COMMUNITY SPIRIT: Knitting duo creates app to help others improve

Alison Yates, left, and Andrea Cull enjoy the art of knitting.

Andrea Cull took a one-year hiatus from her teaching position at Fort Gibson High School to start her new company and launch her app.

The biology teacher partnered with her sister, Alison Yates, who recently sold a software company in Seattle. They started Knitrino seven months ago. Its purpose is to connect members of the knitting community, and to assist novice knitters – and even intermediate knitters who want to learn new tricks.

“Knitting patterns are complicated, and there is a lot of lingo to get around. There are these difficult-to-read PDFs, which people use. If you lose your place in the pattern, it becomes difficult to find yourself again,” said Cull.

She compared knitting patterns to driving around the country with an old paper Atlas.

“We are doing for knitting what Google maps did for driving,” she said.

The app allows knitters to see the designs, stitch-by-stitch, on an easy-to-understand interface.

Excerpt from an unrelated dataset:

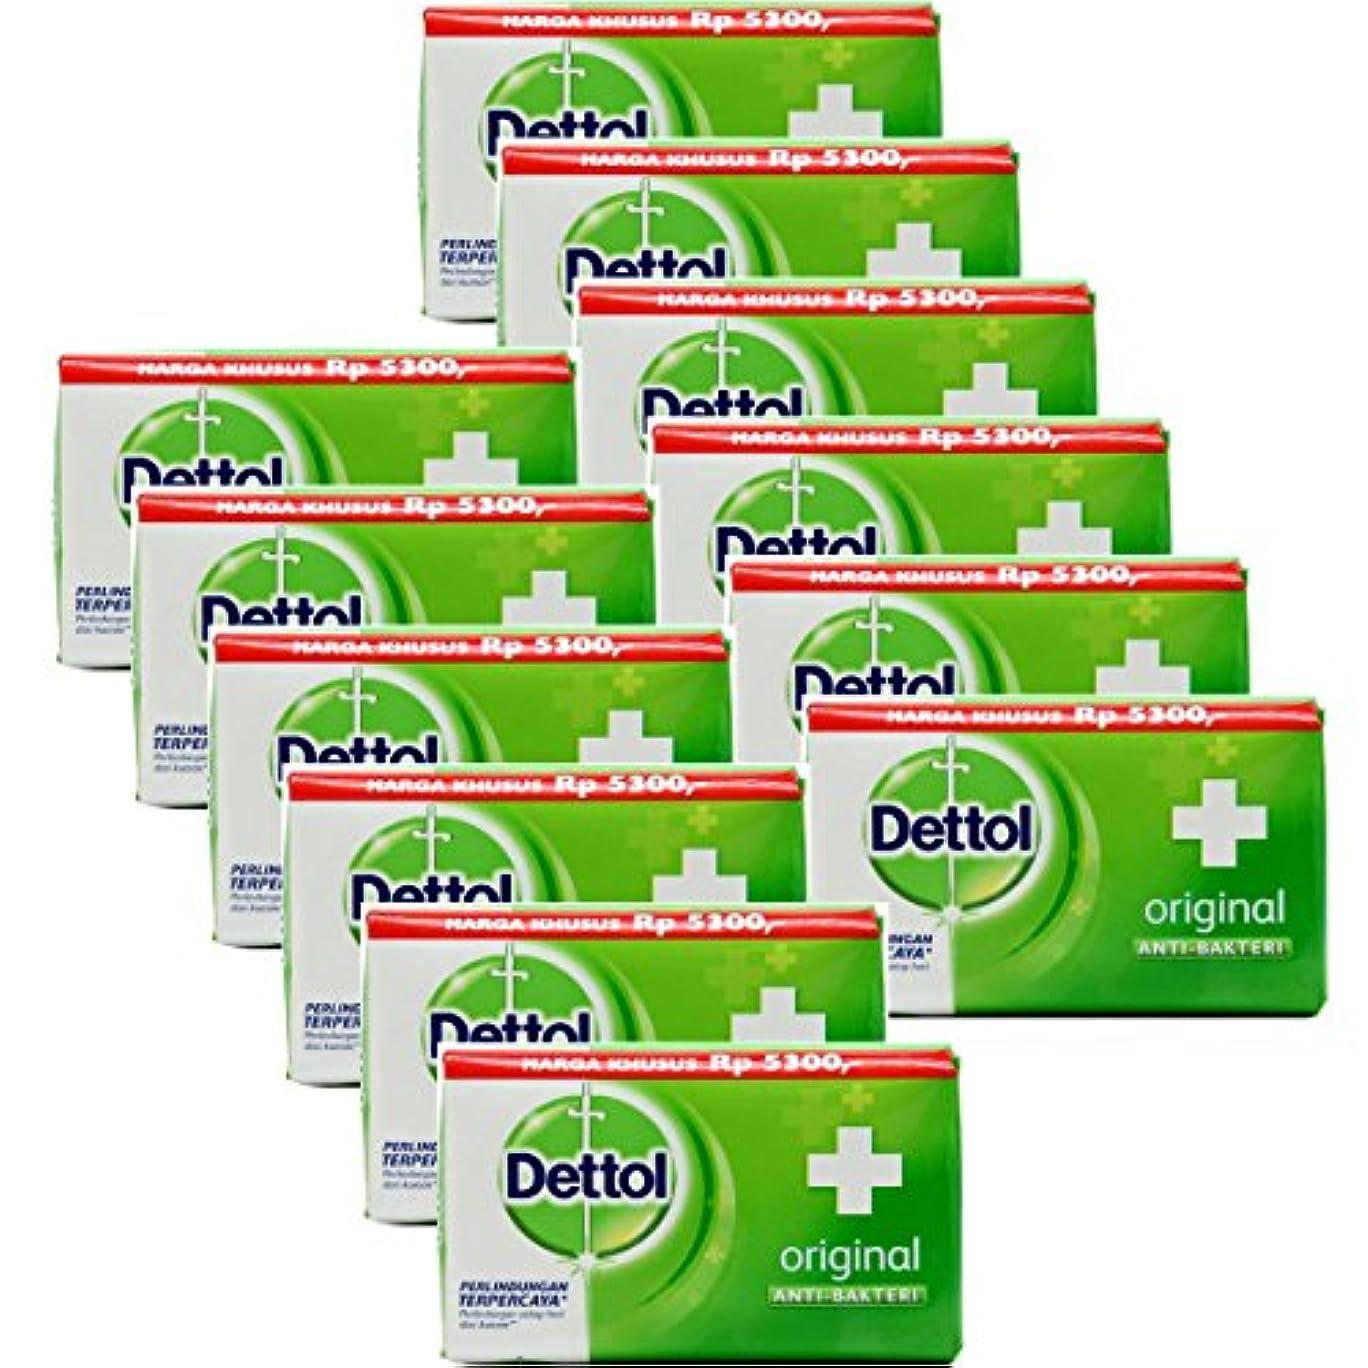 不潔バナー座標Dettol(デトール) Anti-Bacterial Hand and Body Bar Soap, Original, 110 Gr / 3.88 Oz (12個セット)

The app even allows the user to change the color of the yarn digitally, which helps when users want to customize projects that require multicolored patterns.

Cull explained that the project derived from a need in the community. She reached out and interviewed knitters to find out what they needed in an app.

“We wanted to know what they wanted and what was missing. We interviewed knitters and built prototypes according to what they needed," she said. "Knitters use many different kinds of stitches, and if a user doesn’t know how to perform a specific stitch within a design, they can press on a button, which launches a video tutorial of that specific stitch."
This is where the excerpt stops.